* [Brief] From the material below, retype exactly the lines that begin at the line with "Skiing mode activated" and end after the line with "Corporate presentation in"; pictures stay out of the copy.

* [Given entries]
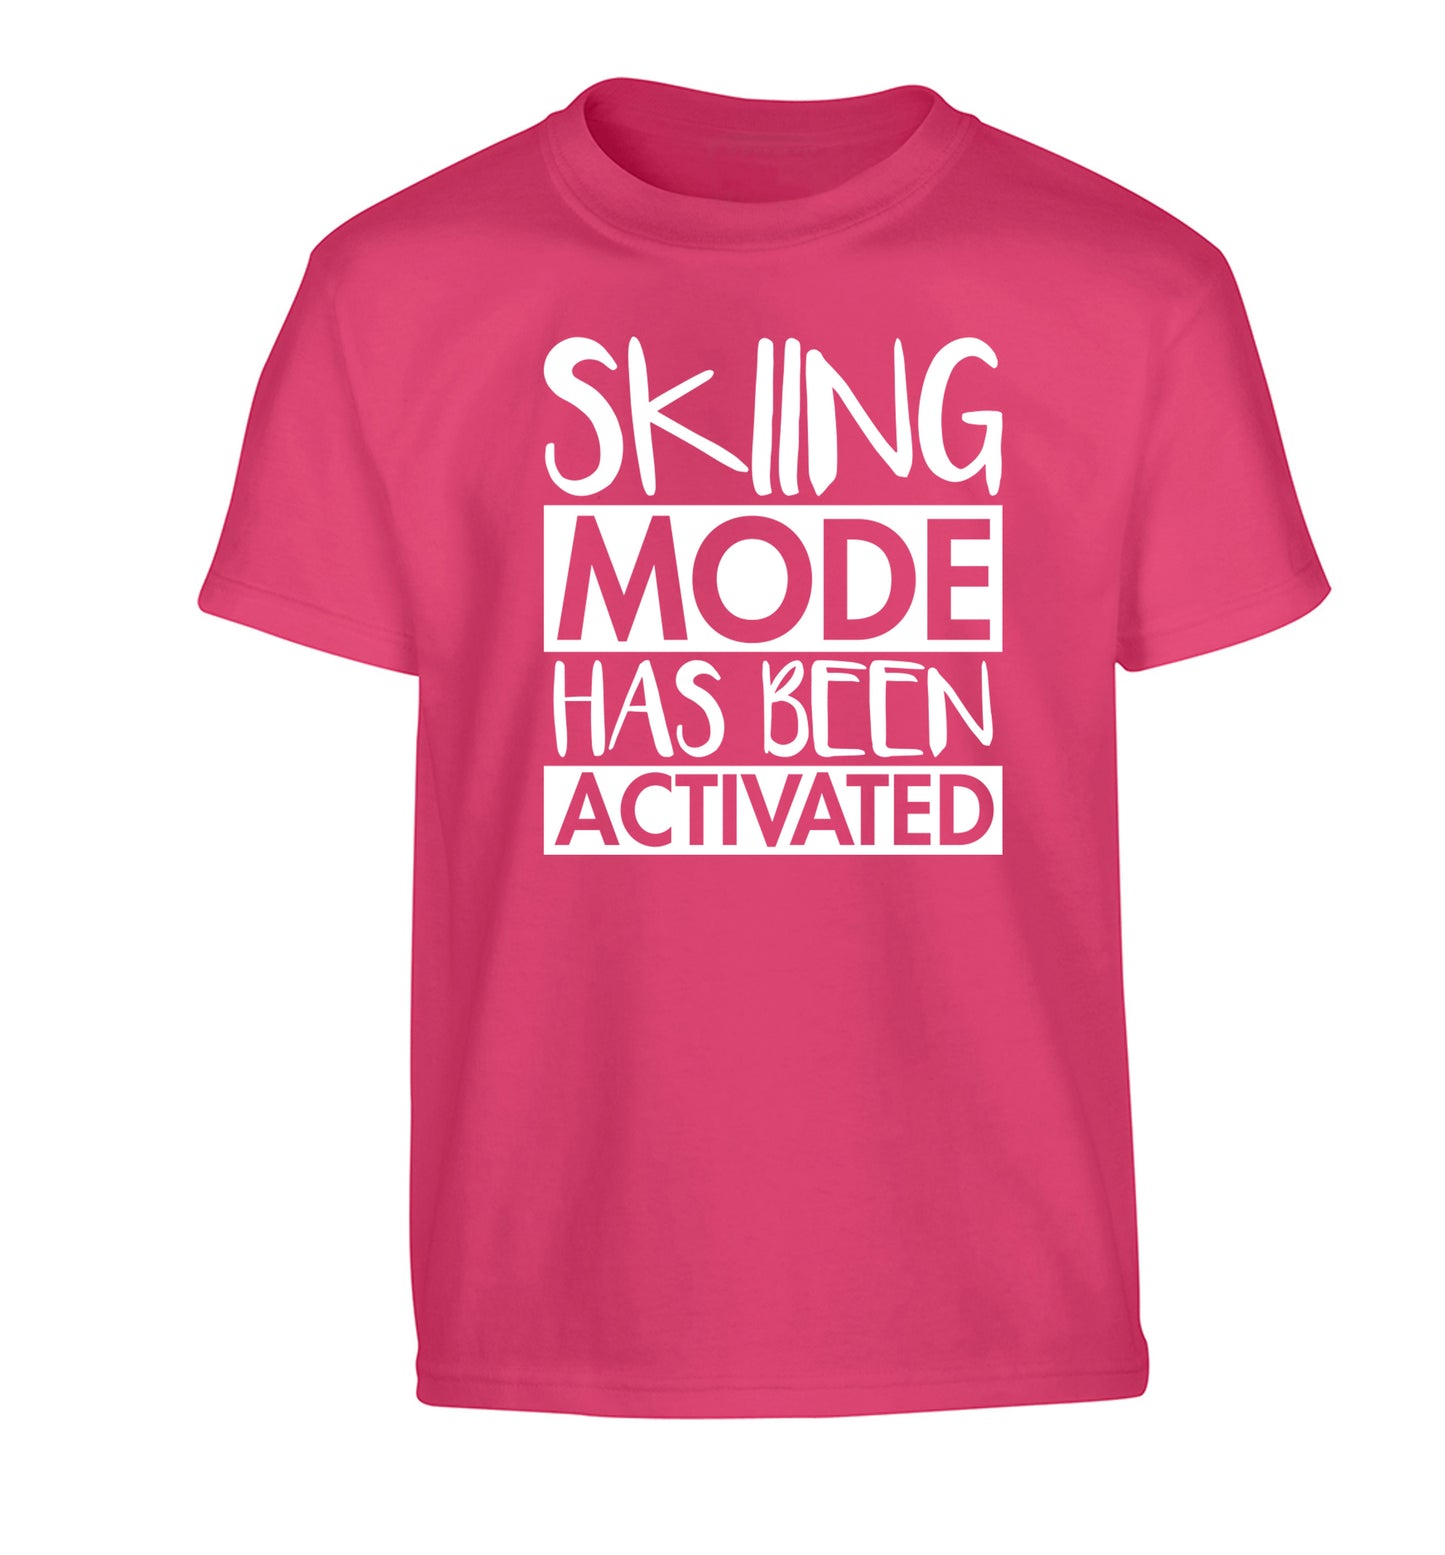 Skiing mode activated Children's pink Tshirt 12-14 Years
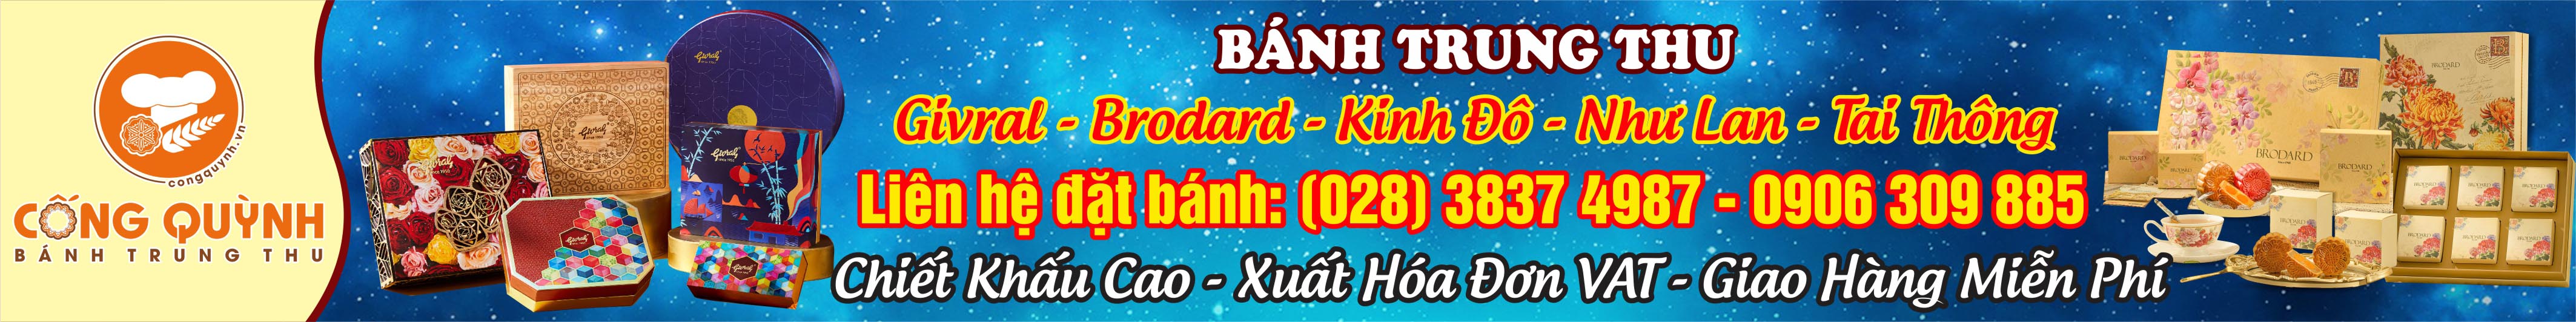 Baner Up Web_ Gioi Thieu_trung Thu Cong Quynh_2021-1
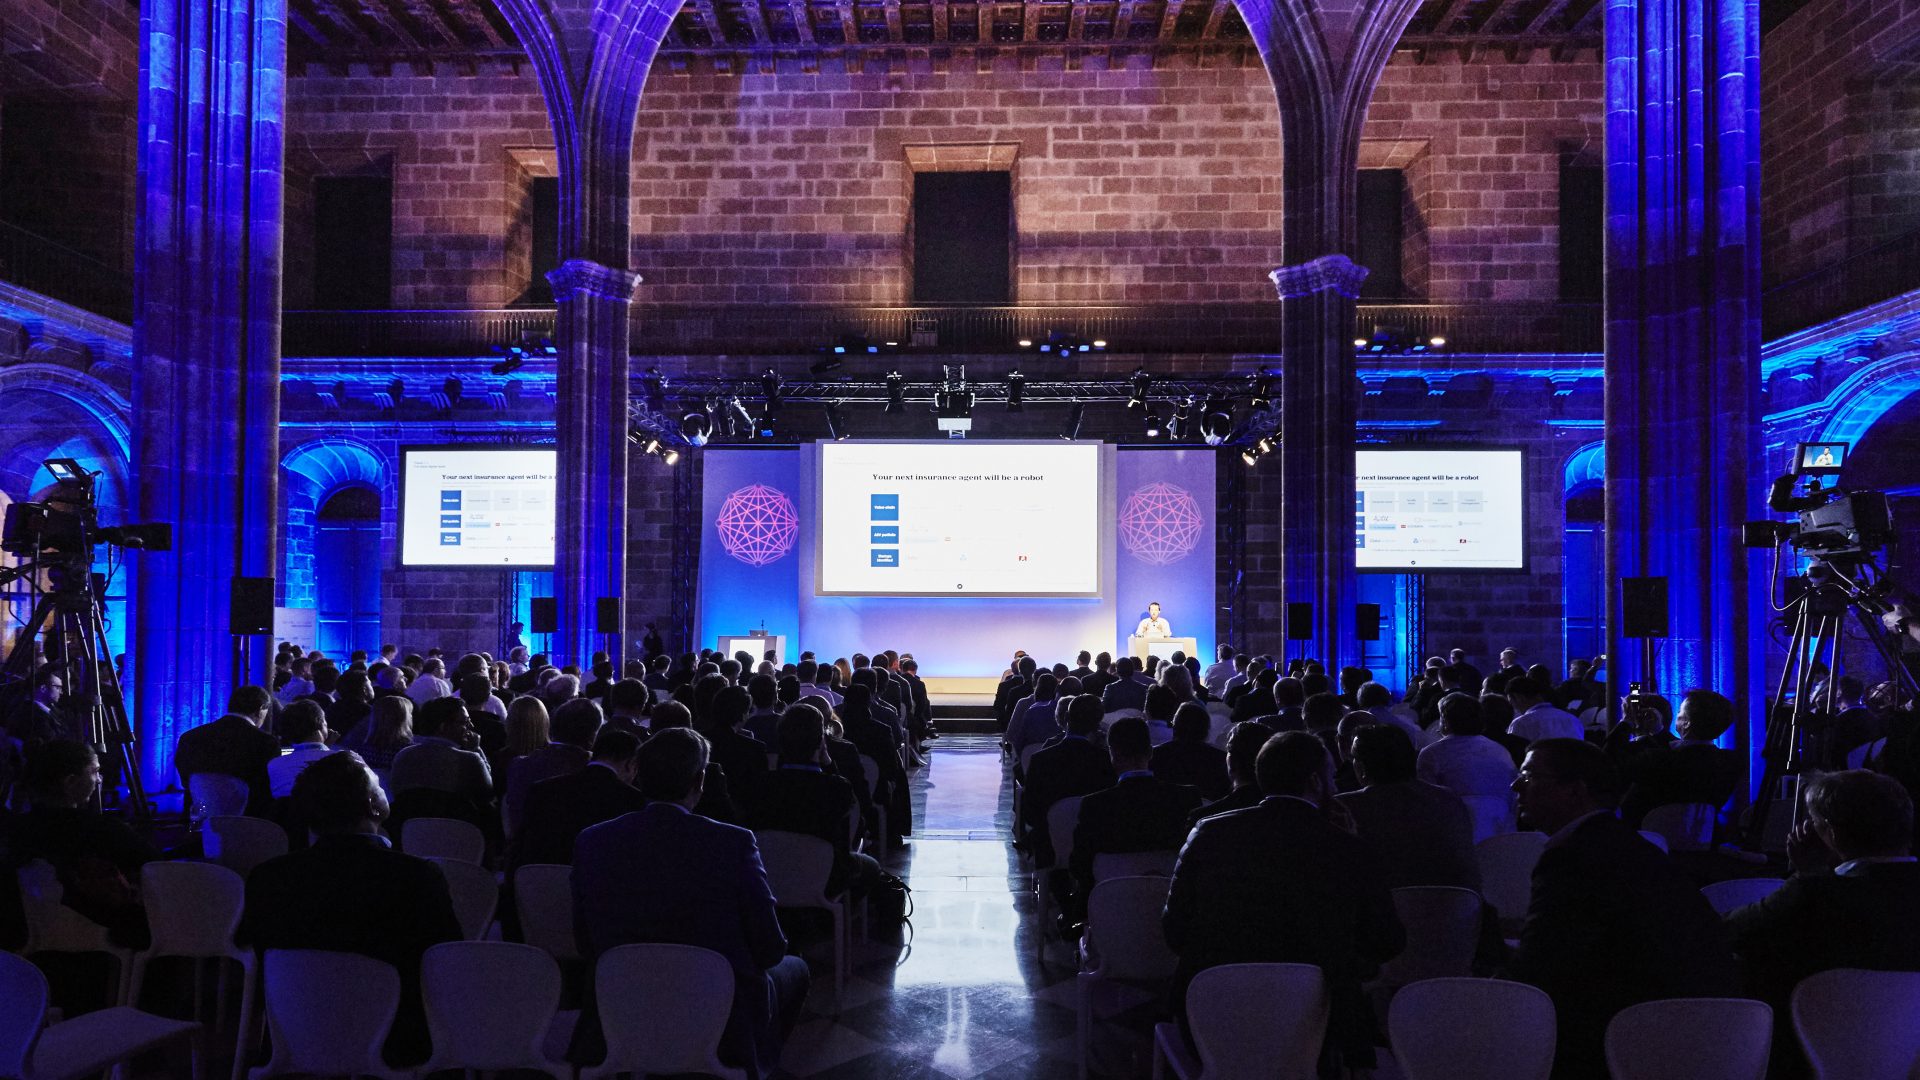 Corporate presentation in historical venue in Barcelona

...

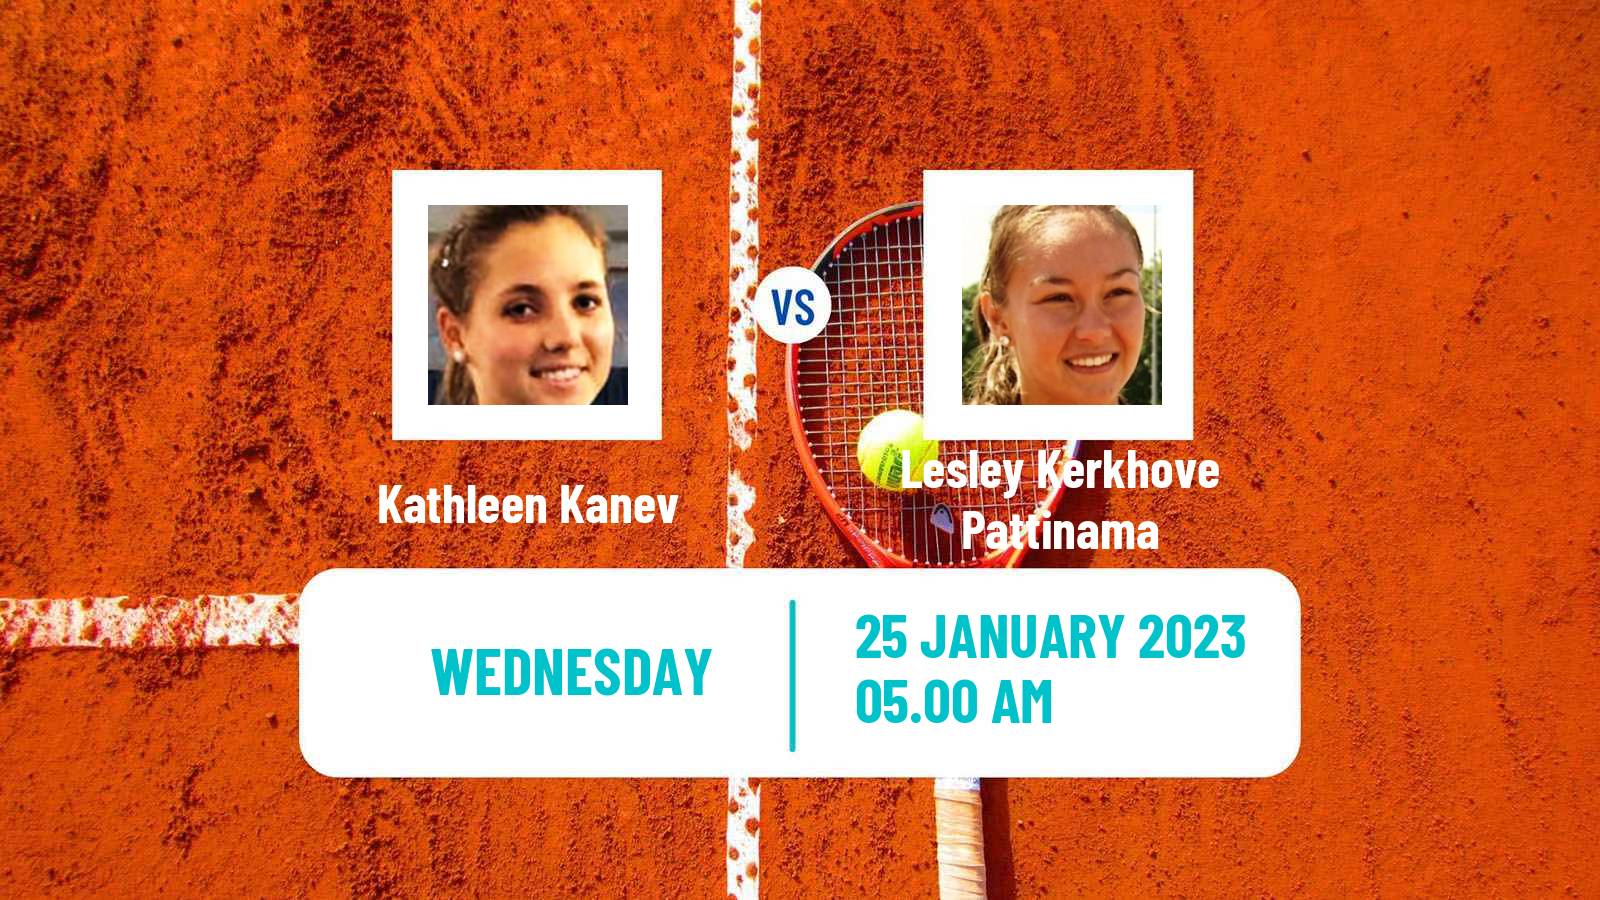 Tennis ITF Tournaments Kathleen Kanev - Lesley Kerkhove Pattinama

==

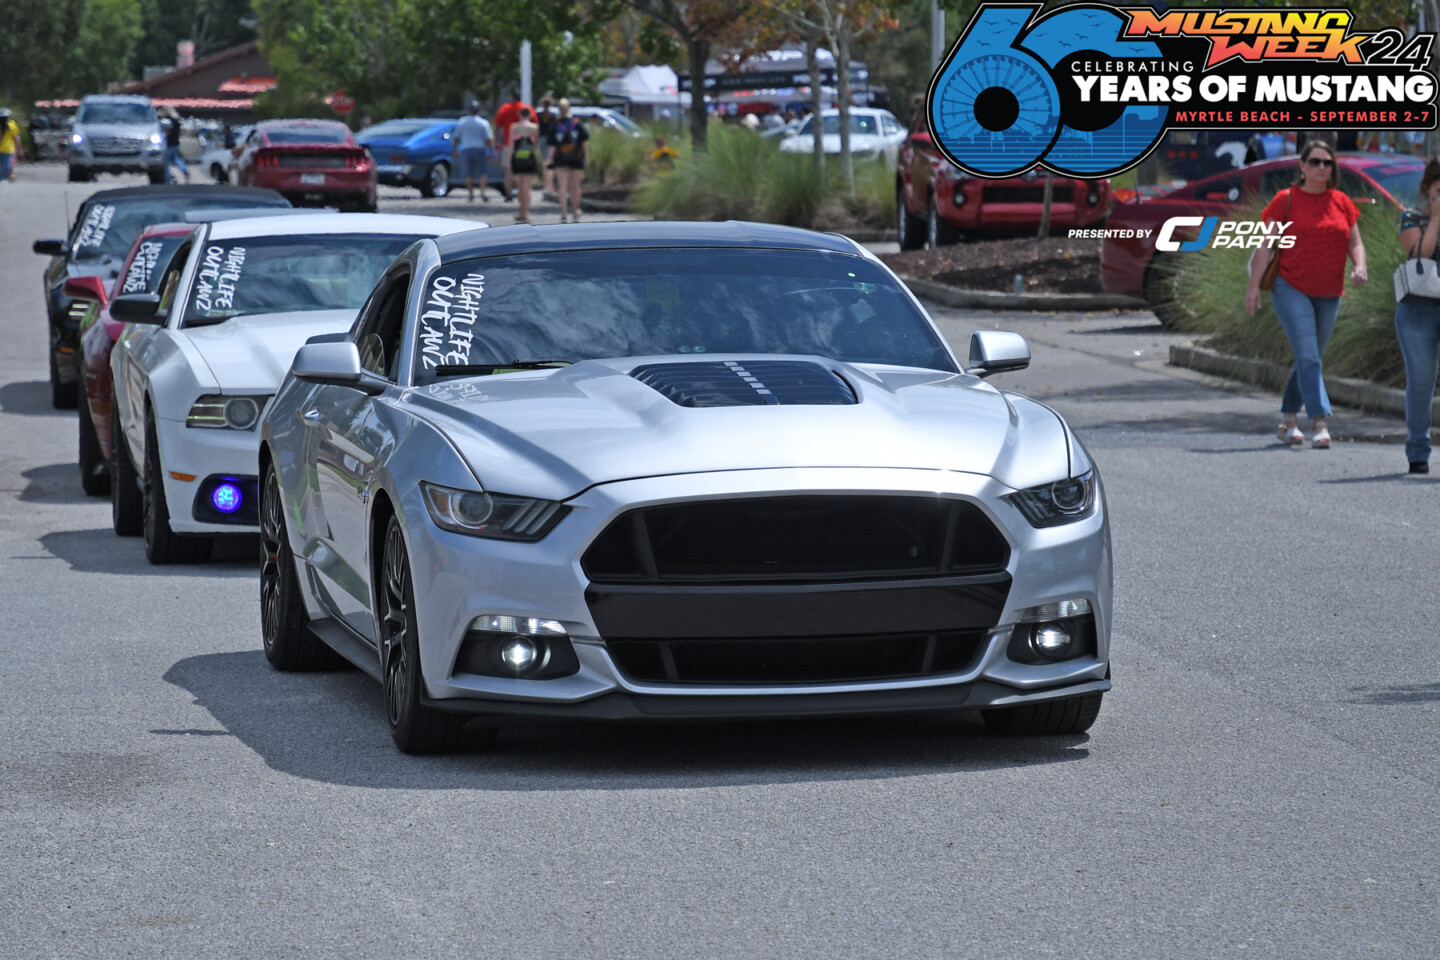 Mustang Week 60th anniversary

* [Answer for the task]
 Skiing mode activated Children's pink Tshirt 12-14 Years
 Baner Up Web_ Gioi Thieu_trung Thu Cong Quynh_2021-1
 Corporate presentation in historical venue in Barcelona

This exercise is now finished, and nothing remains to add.